:: Task requirements ::
Your response to the data below should hold nothing except the lines from the one containing "Lowe's Discounts: Everything" down to the one containing "Lick Me Letter", reproduced exactly and without pictures.

:: Provided data ::

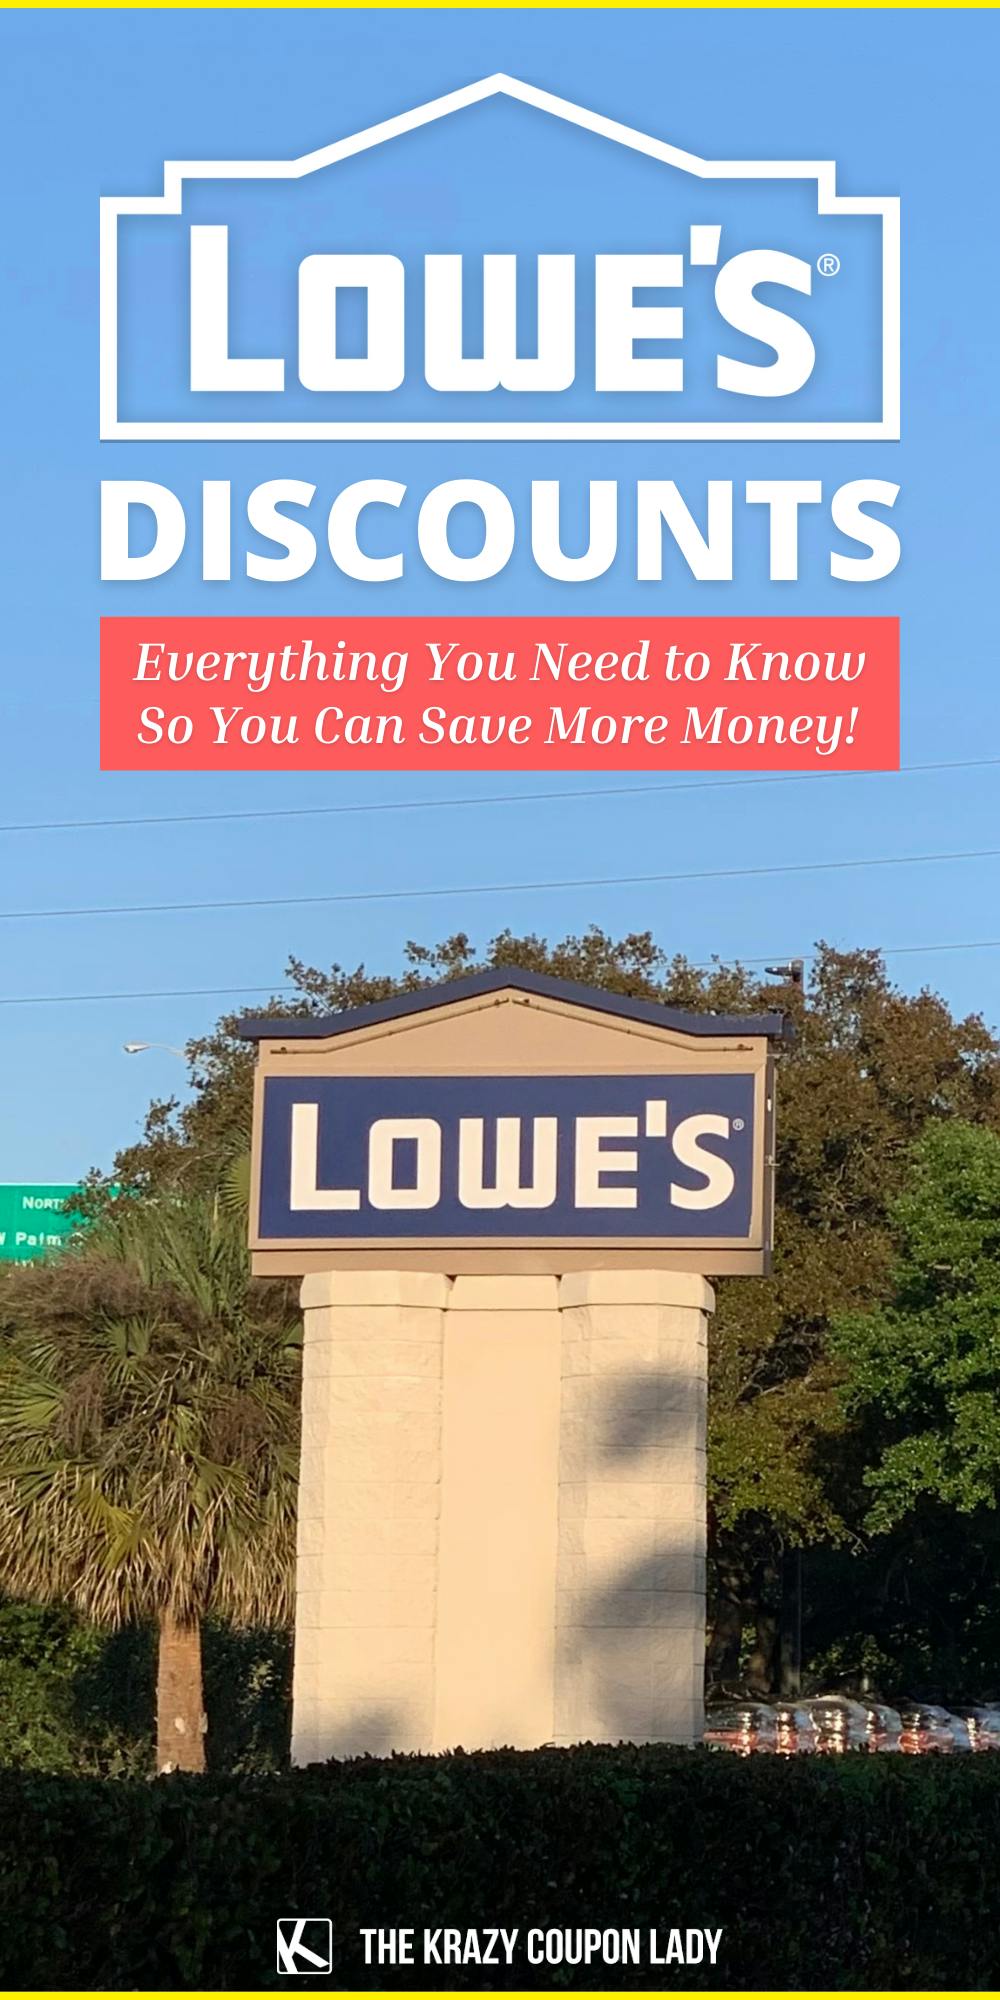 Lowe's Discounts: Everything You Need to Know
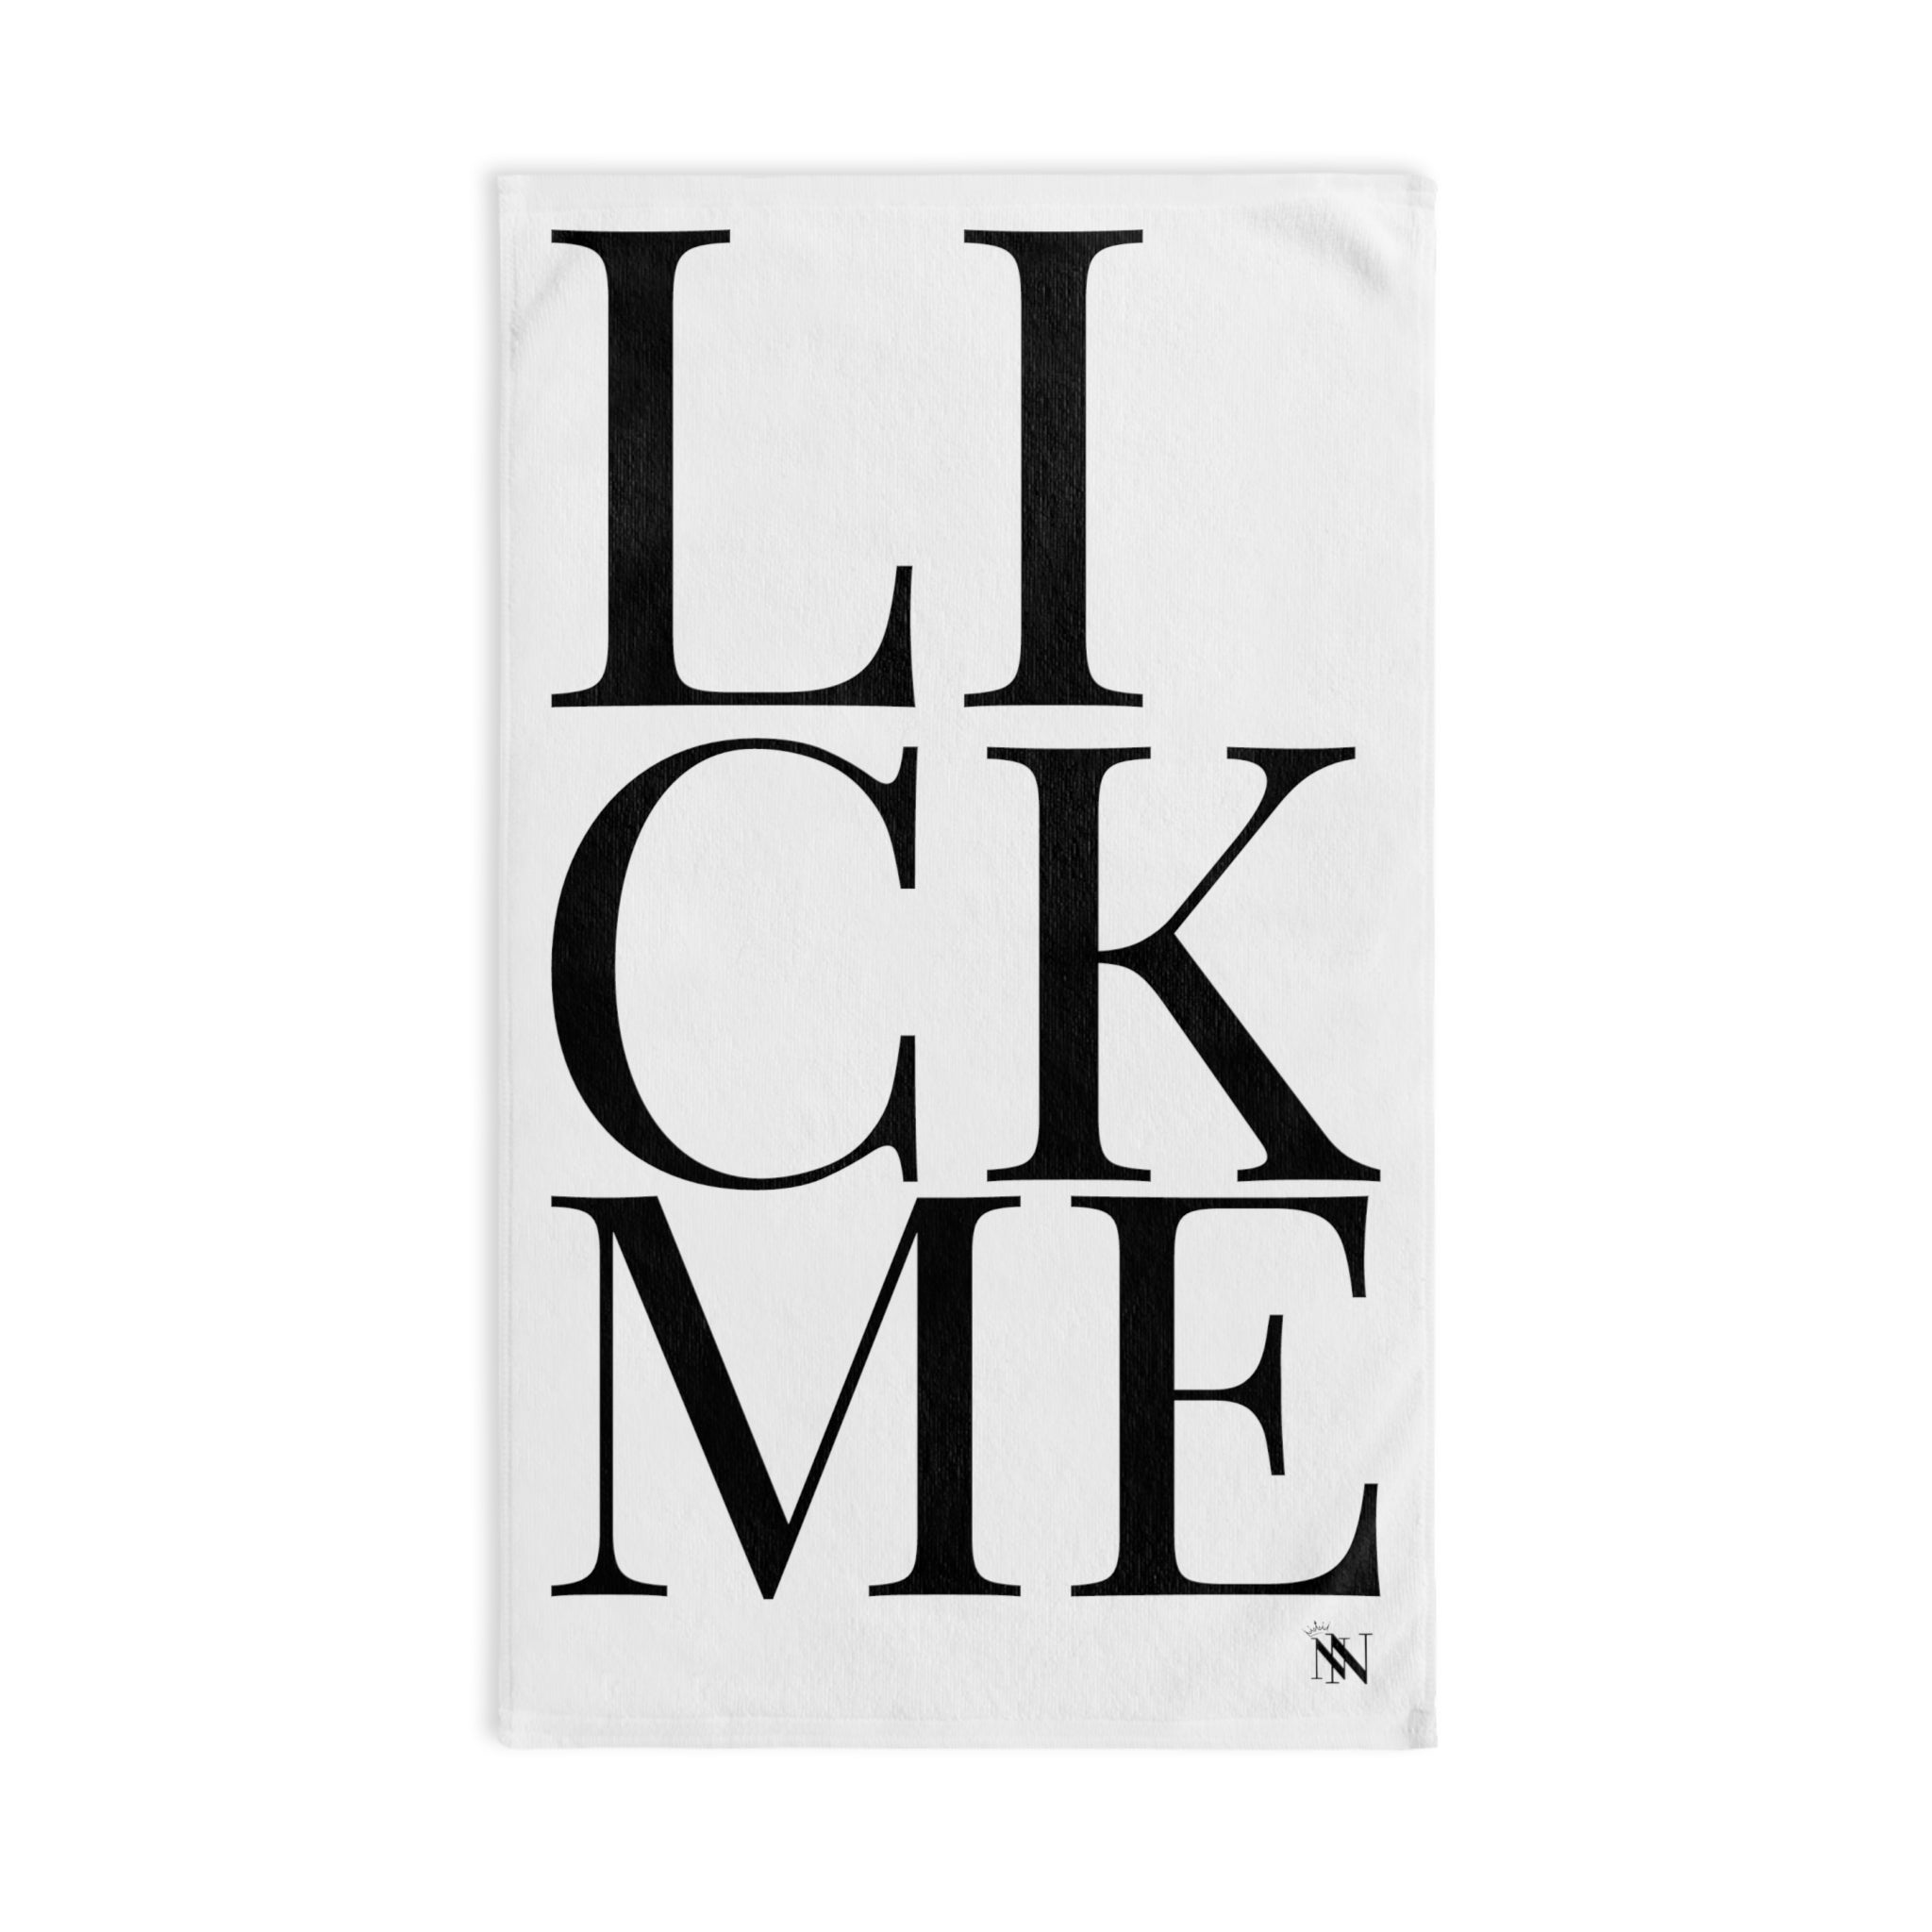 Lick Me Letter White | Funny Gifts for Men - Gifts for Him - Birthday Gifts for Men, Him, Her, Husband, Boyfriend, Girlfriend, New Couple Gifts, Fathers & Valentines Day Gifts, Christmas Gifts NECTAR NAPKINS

...

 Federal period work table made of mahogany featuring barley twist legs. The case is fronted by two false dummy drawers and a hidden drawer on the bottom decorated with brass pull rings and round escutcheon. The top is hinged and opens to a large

:: Solution ::
 Lowe's Discounts: Everything You Need to Know
 Lick Me Letter White | Funny Gifts for Men - Gifts for Him - Birthday Gifts for Men, Him, Her, Husband, Boyfriend, Girlfriend, New Couple Gifts, Fathers & Valentines Day Gifts, Christmas Gifts NECTAR NAPKINS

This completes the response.